■ TASK TO CARRY OUT ■
Repeat the listing below exactly from the line with "Karlovy Vary: Volejbalový" through its last line. Skip every picture.

■ DATA ■
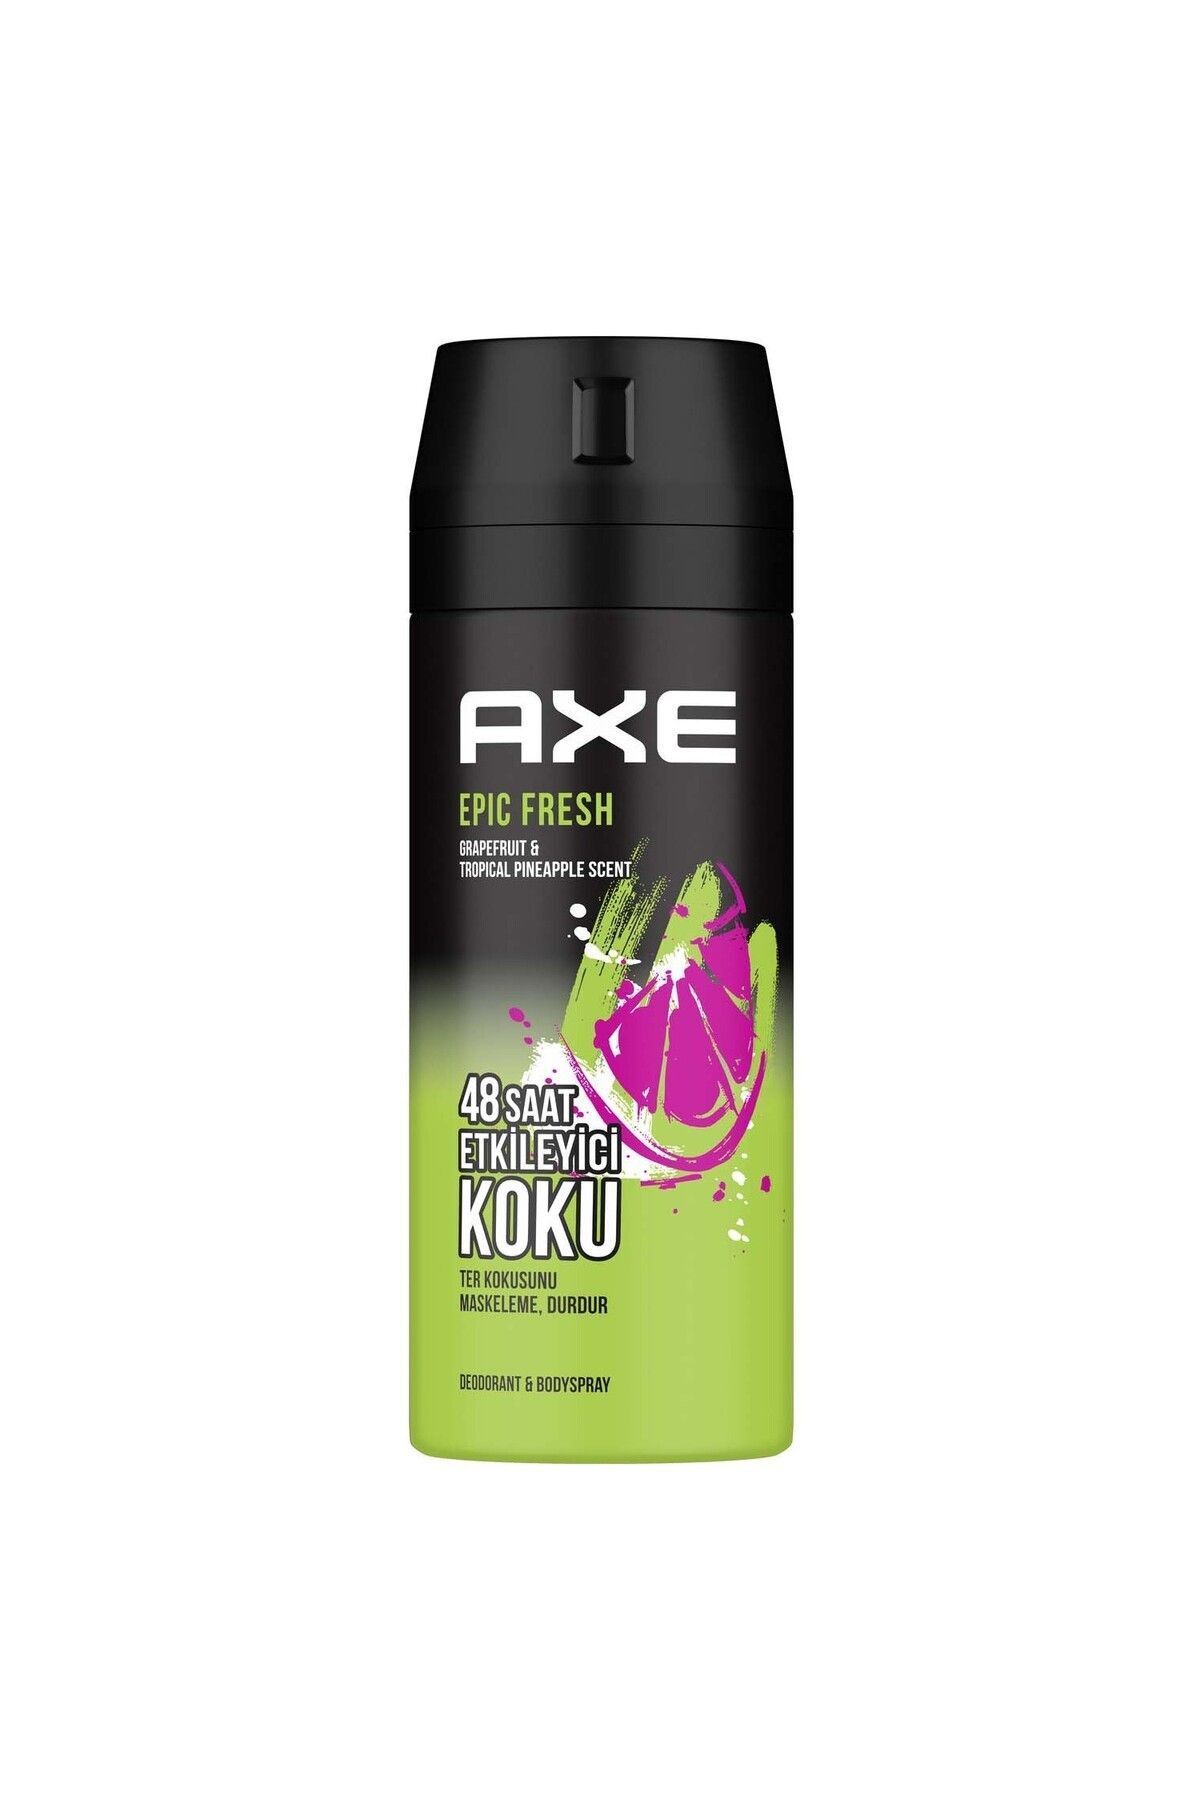 Axe Erkek Deodorant & Bodyspray Epic Fresh 48 Saat Etkileyici Koku 150 ML
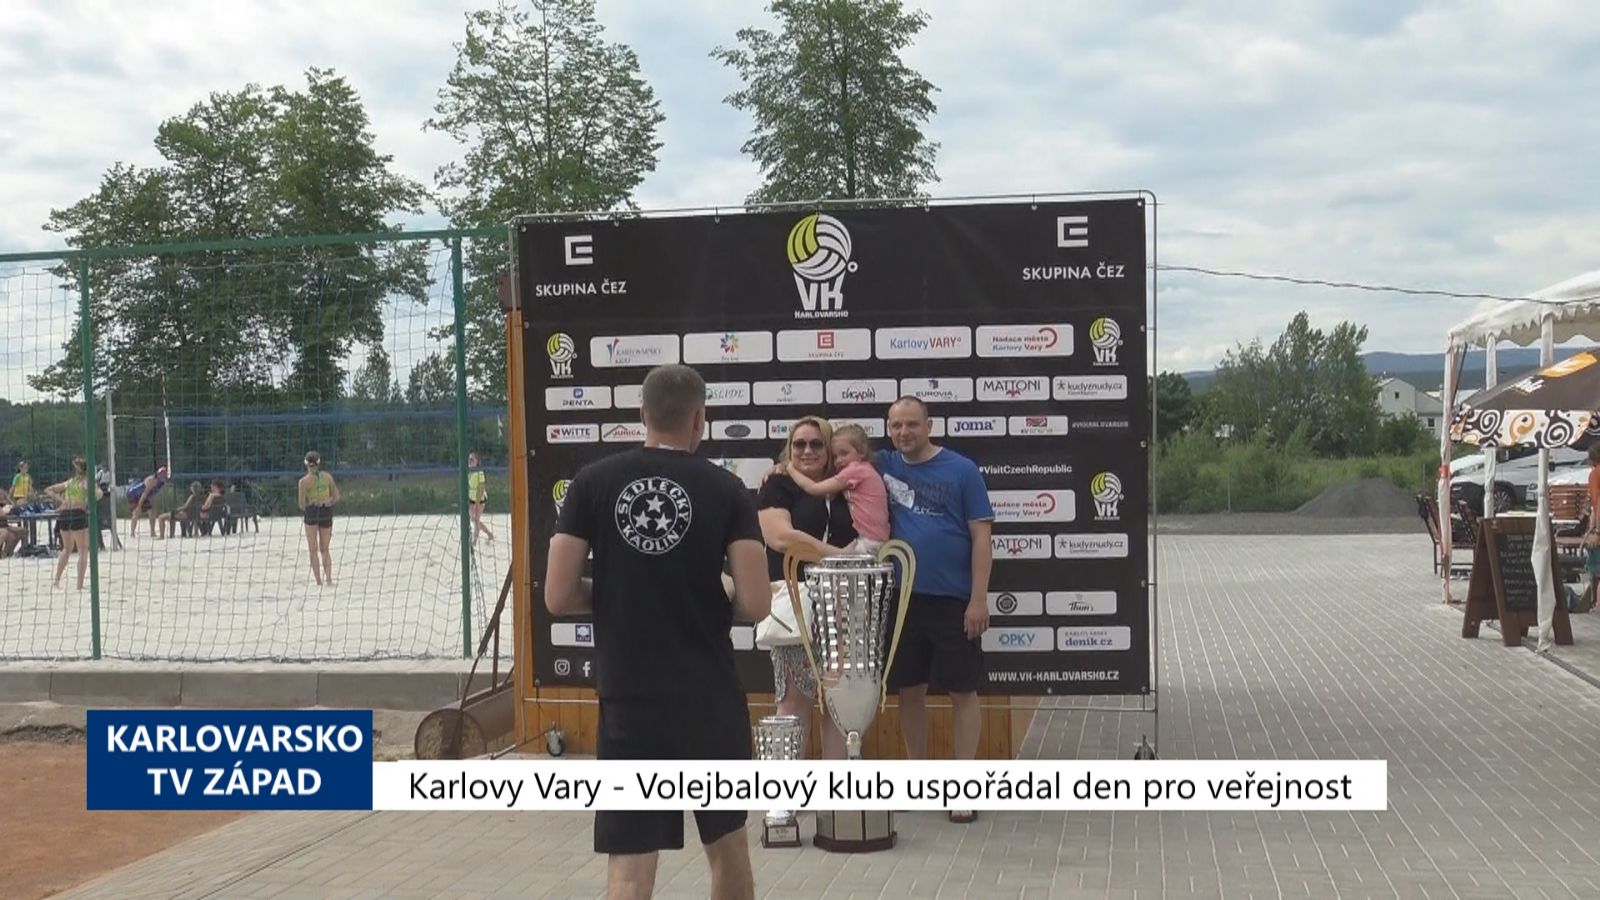 Karlovy Vary: Volejbalový klub uspořádal den pro veřejnost (TV Západ)
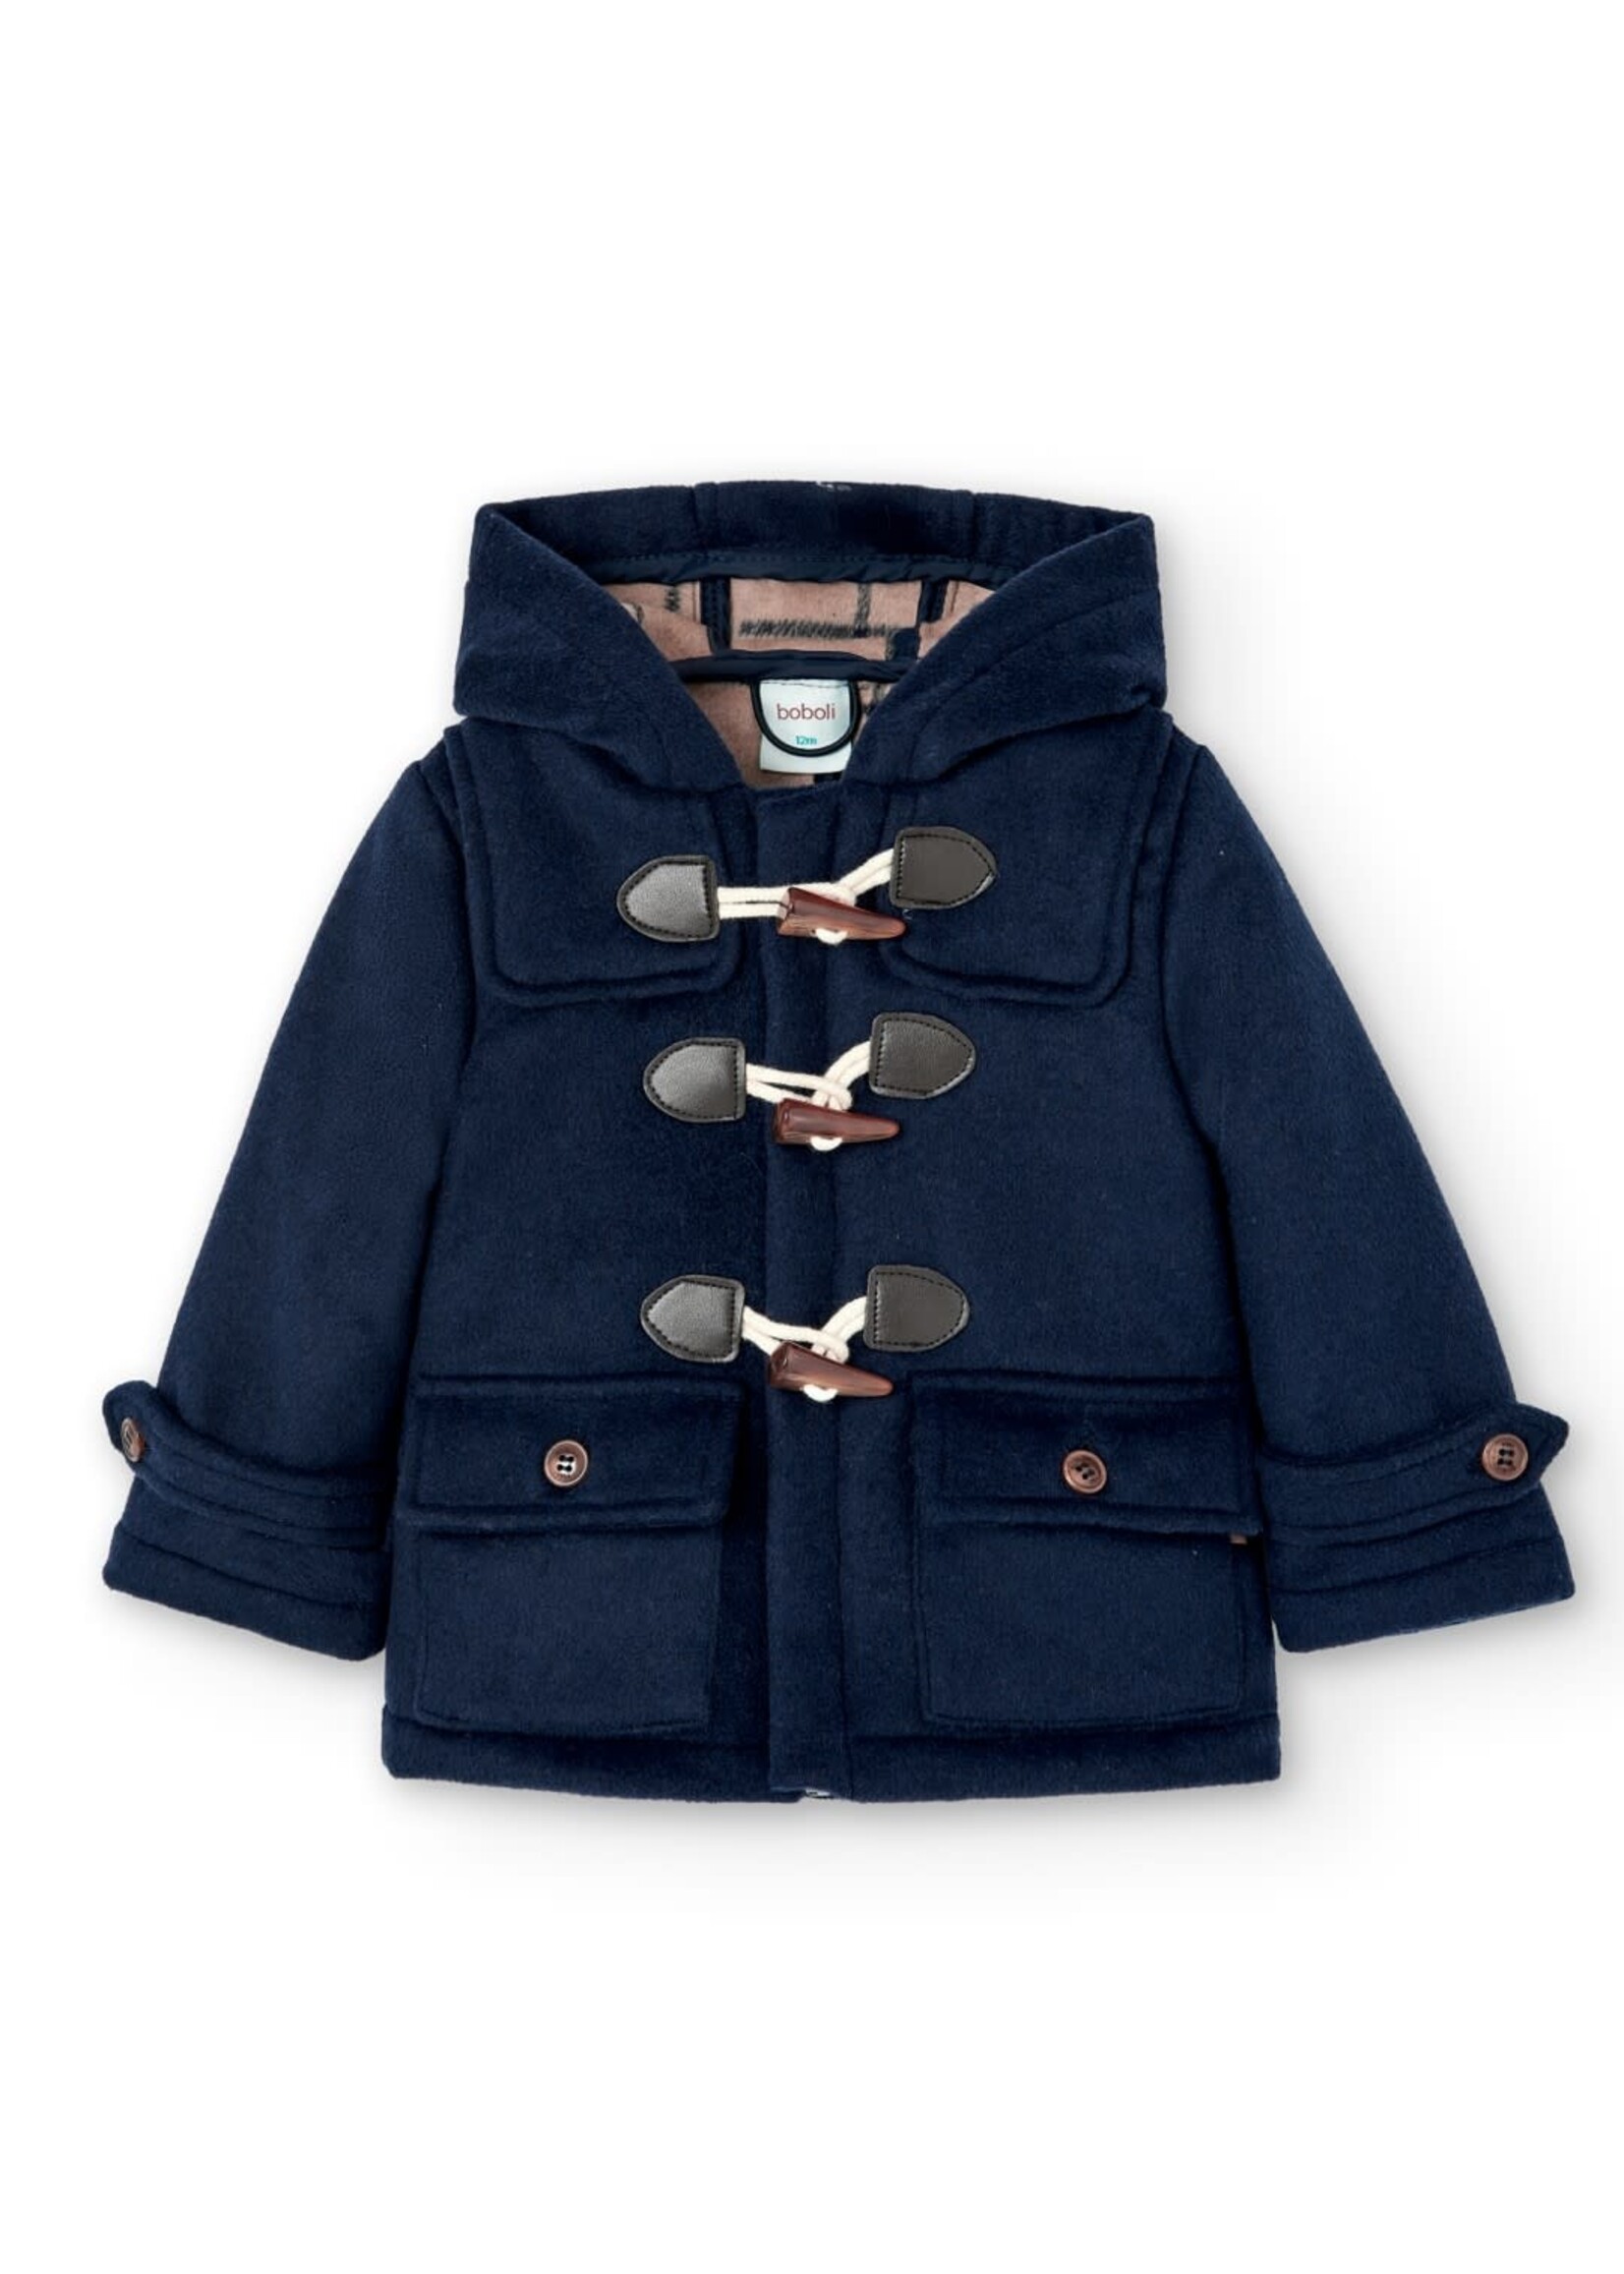 Boboli Cloth jacket for baby boy navy 717263

■ TASK RESPONSE ■
 Karlovy Vary: Volejbalový klub uspořádal den pro veřejnost (TV Západ)
 Boboli Cloth jacket for baby boy navy 717263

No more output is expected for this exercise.